Mitigation: Use HIPAA-eligible services (AWS, Vercel Enterprise), implement end-to-end encryption, conduct regular security audits, and minimize data retention. Obtain BAA agreements with all vendors handling PHI.
Contingency: Design system to function without storing sensitive health data by processing it client-side or immediately anonymizing after processing.

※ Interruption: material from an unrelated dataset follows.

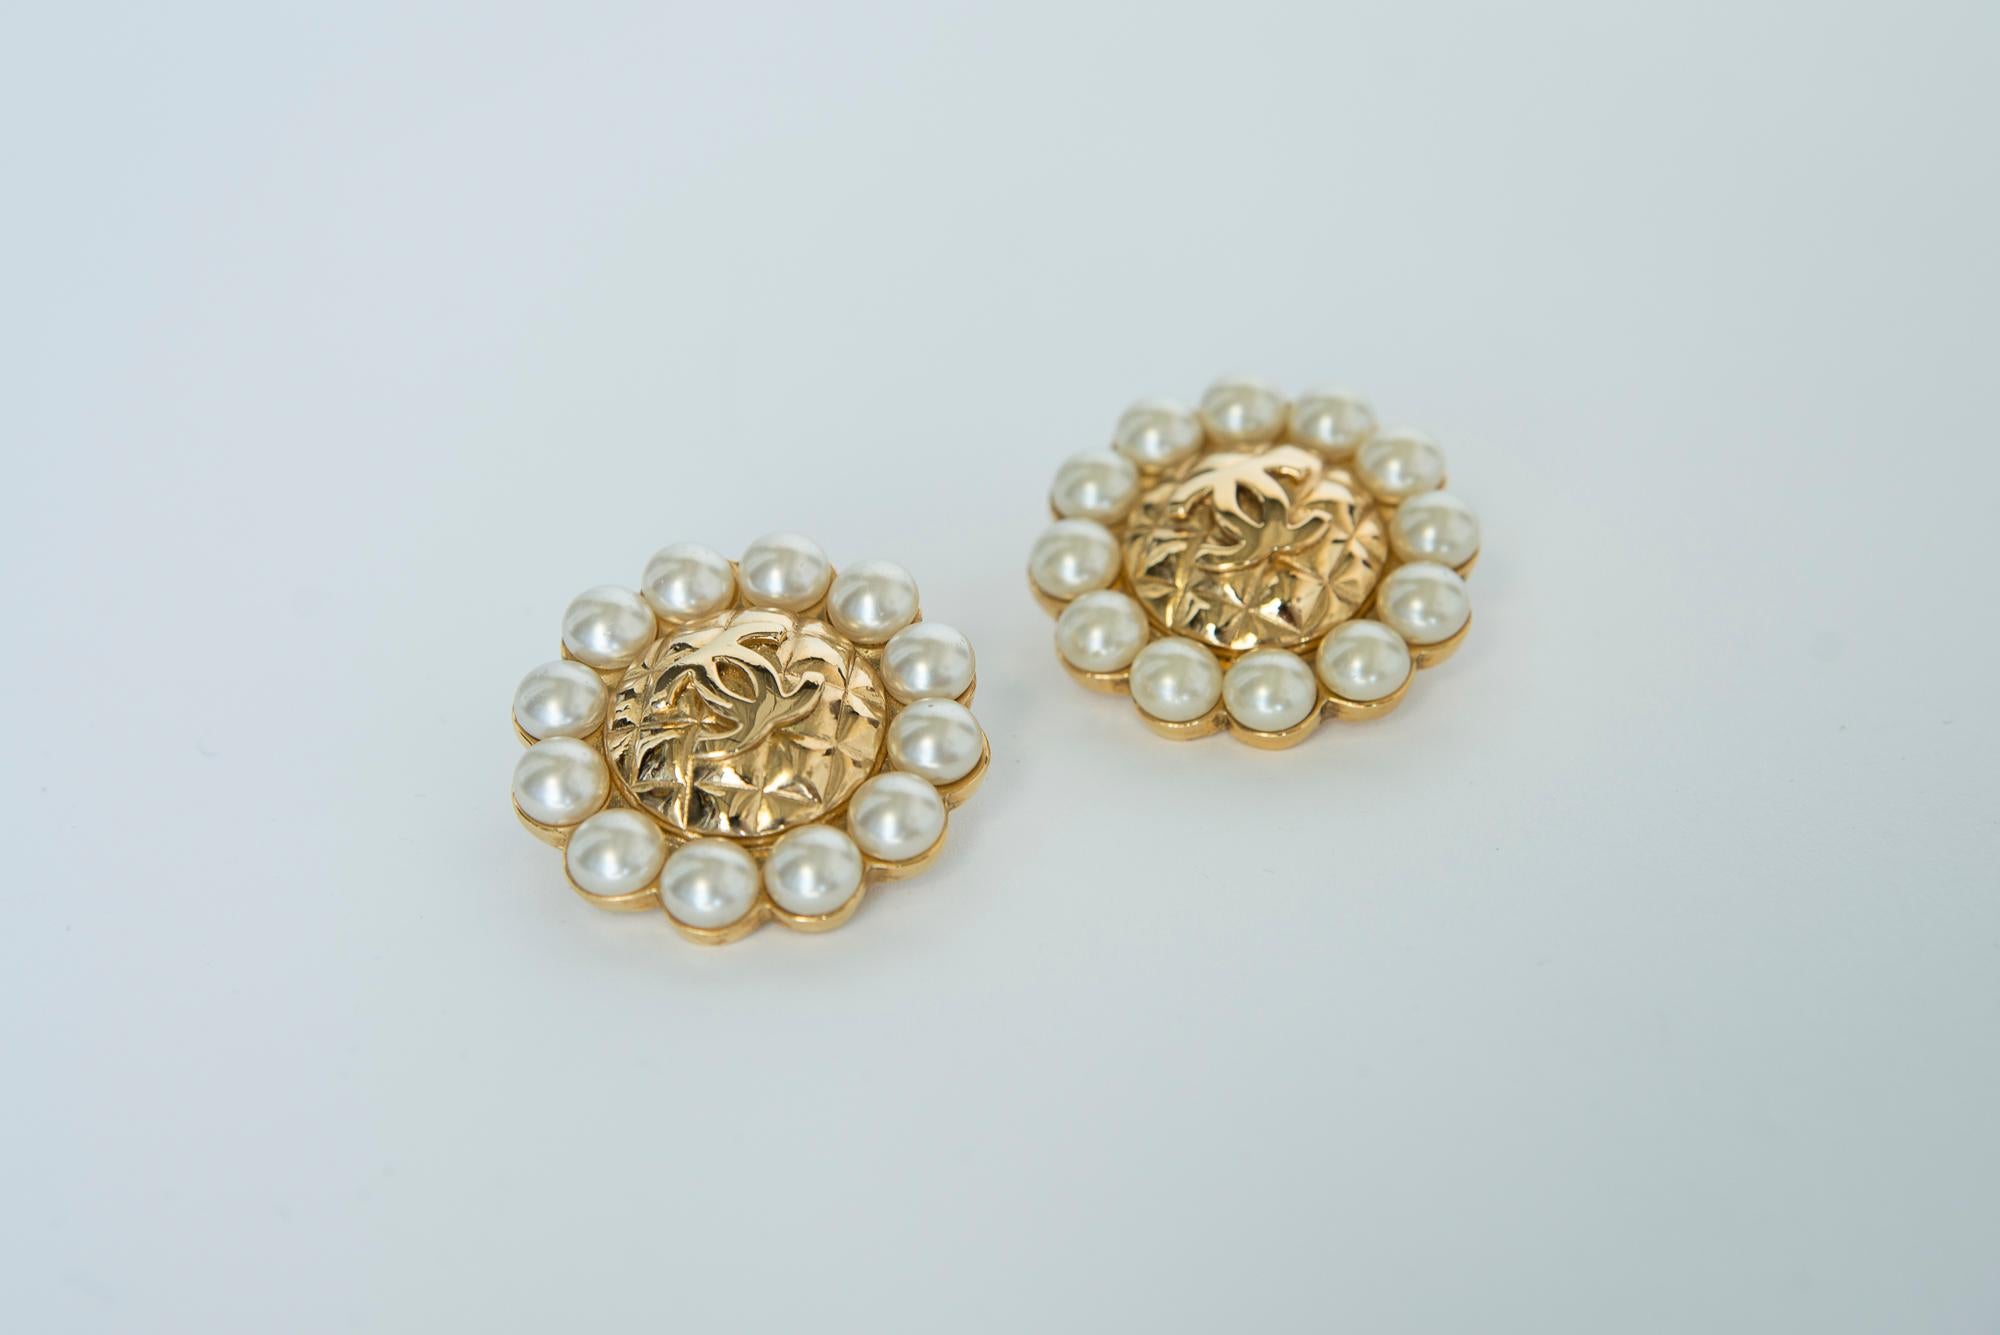 From the Chanel 23 collection, these 80's Chanel earrings are designed with striking proportions - the statement size ensures they'll be seen and admired by everyone you come across. Made from gold-tone metal, an array of lustrous faux pearls are
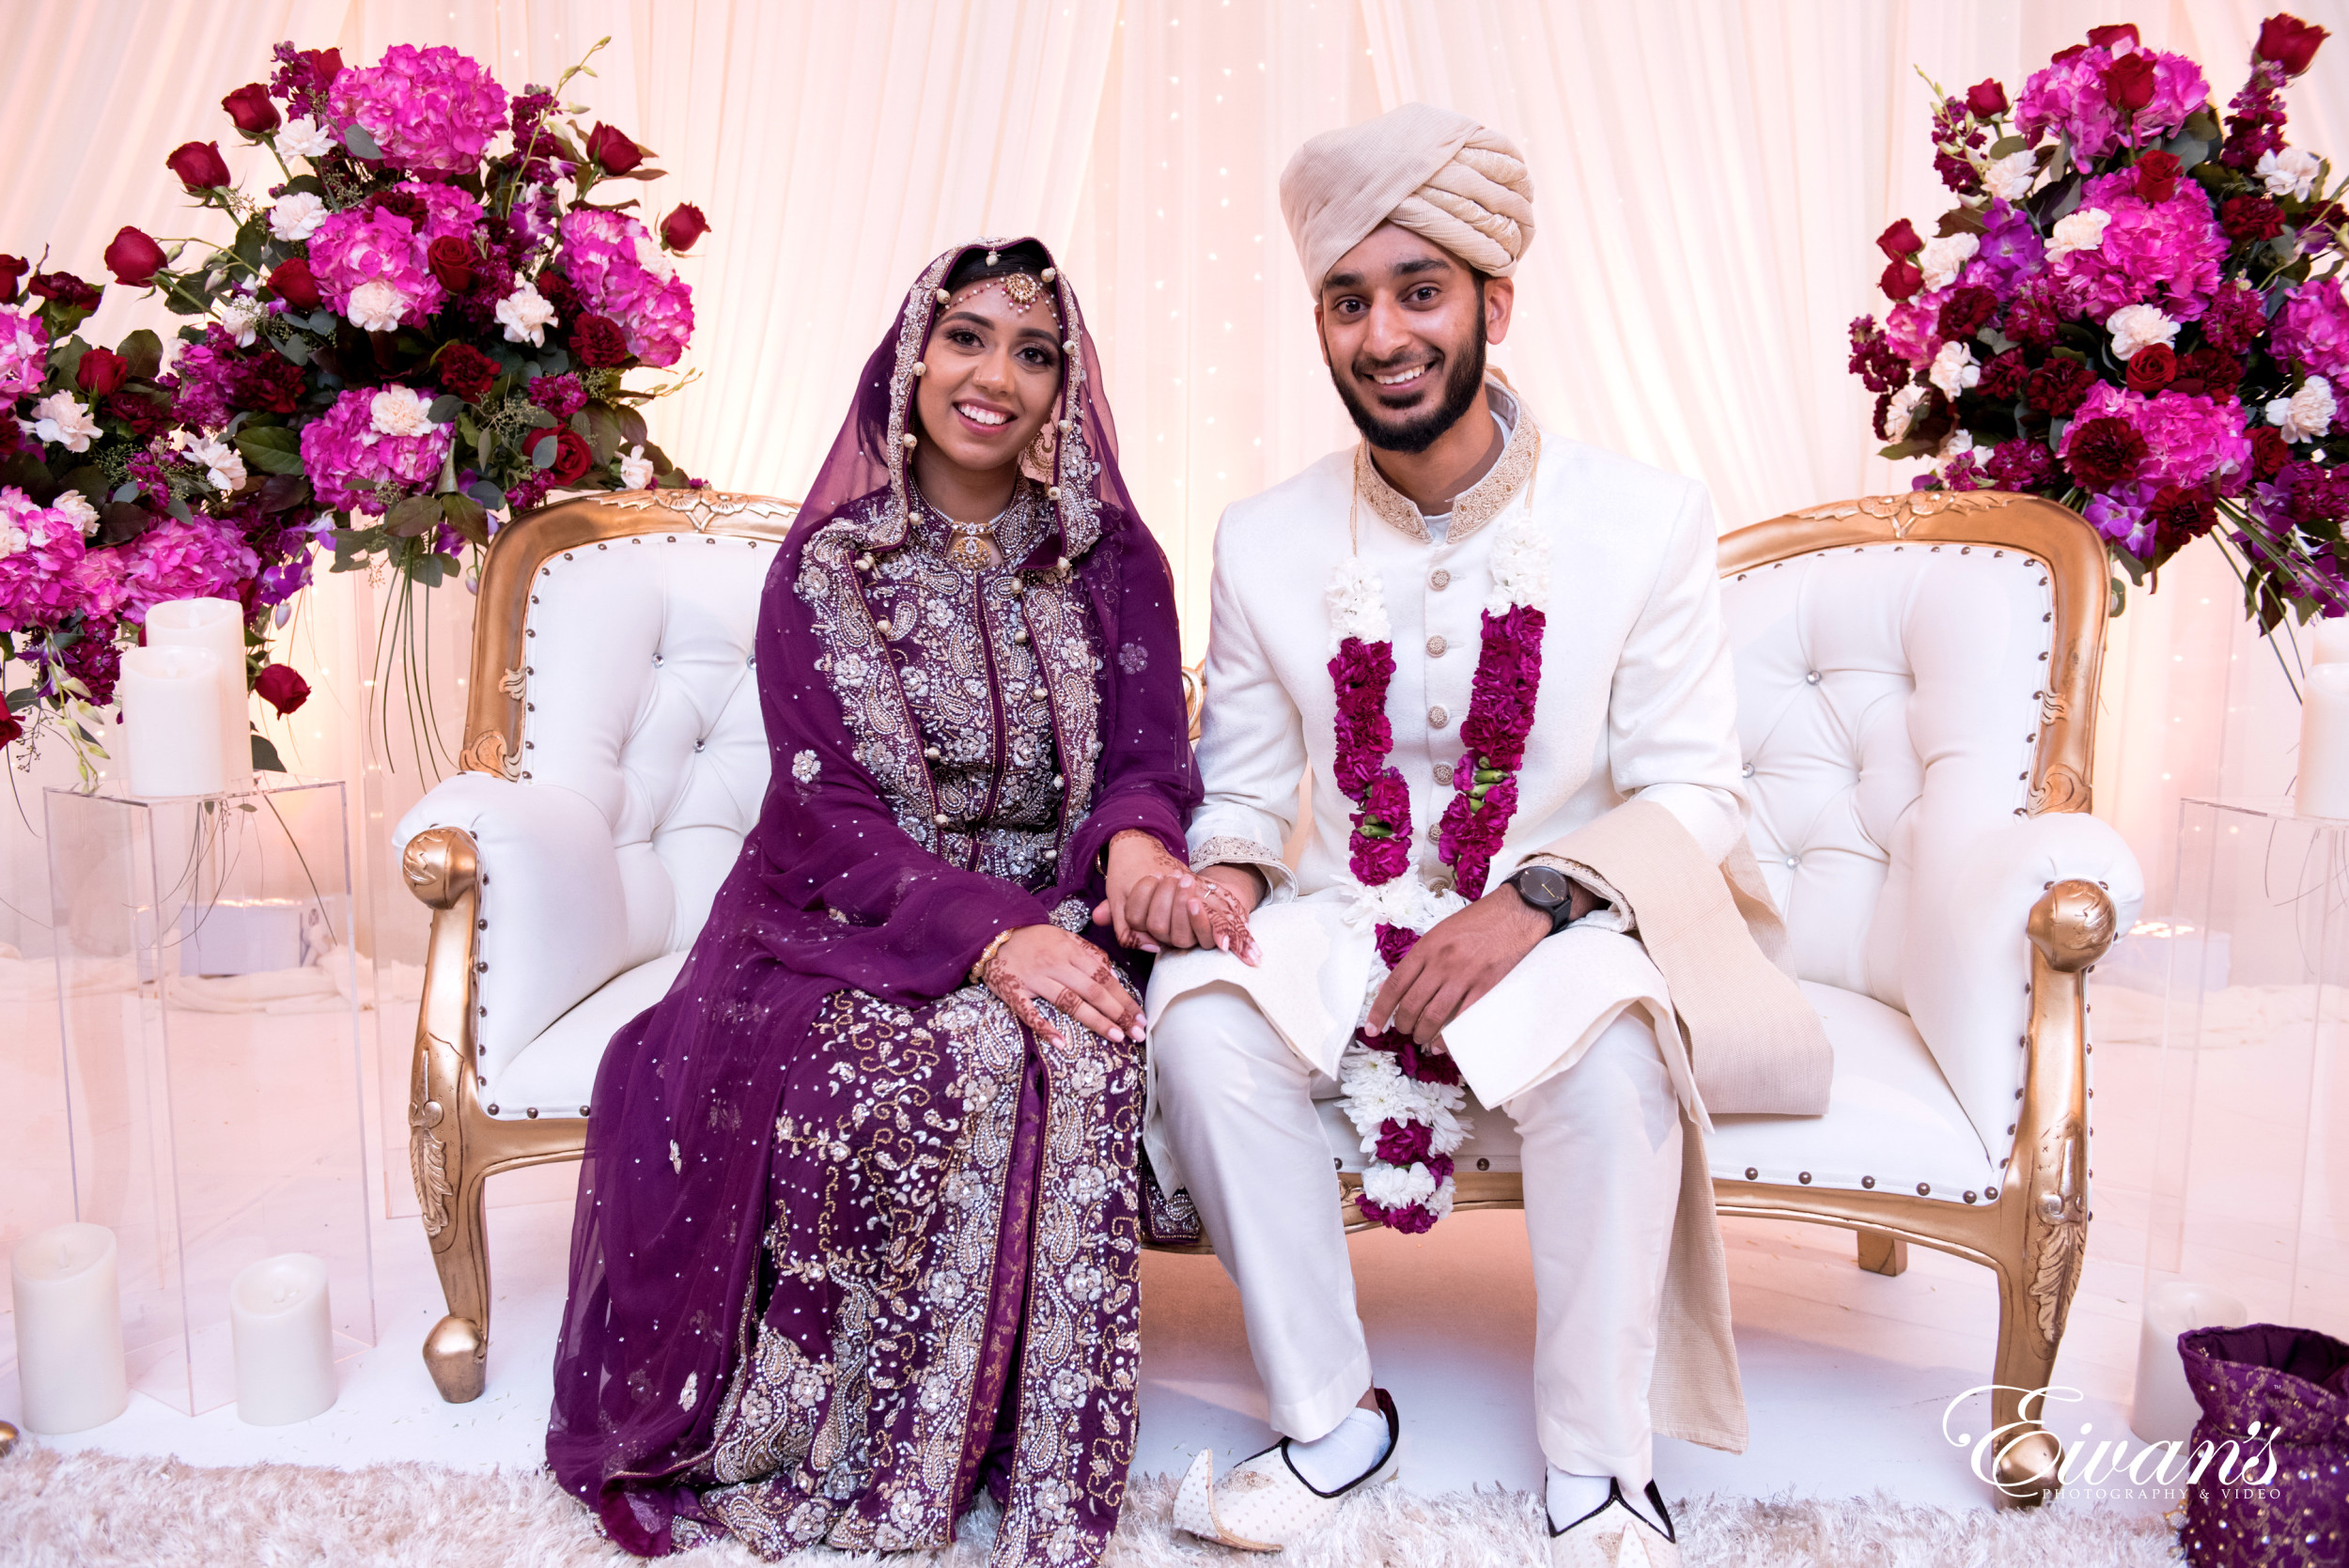 Bride and Groom Follow Parents' Wedding Tradition of Swapping Outfits

Development Timeline & Team
10-Week MVP Timeline
- Project setup and HIPAA-compliant infrastructure
- Authentication implementation
- Database schema design
- Basic UI framework
Deliverable: Working login + empty dashboard
- ClinicalTrials.gov data sync
- Eligibility parsing AI
- Plain language generation
- Match scoring algorithm
Deliverable: Functional MVP with core workflows
- UI/UX refinement
- Error handling and edge cases
- Performance optimization
- Security hardening
Deliverable: Beta-ready product
- User testing with patient advocates
- Bug fixes
- Analytics setup
- Documentation
Deliverable: Production-ready v1.0
Team Composition
Solo Founder Feasibility: Challenging but possible for MVP if founder has full-stack experience with AI integration. FHIR integration and HIPAA compliance would require external consultation.
Required Skills: Full-stack JavaScript, AI/ML integration, healthcare compliance basics, UI/UX design.
Estimated MVP Effort: 320-400 person-hours
Ideal Team:
- 1 Full-stack developer (AI/healthcare experience preferred)
- 1 Part-time clinical advisor
- 1 UI/UX designer (contract)
Learning Curve: 2-3 weeks to master FHIR standards and healthcare compliance requirements. Extensive documentation available from HL7 and HHS.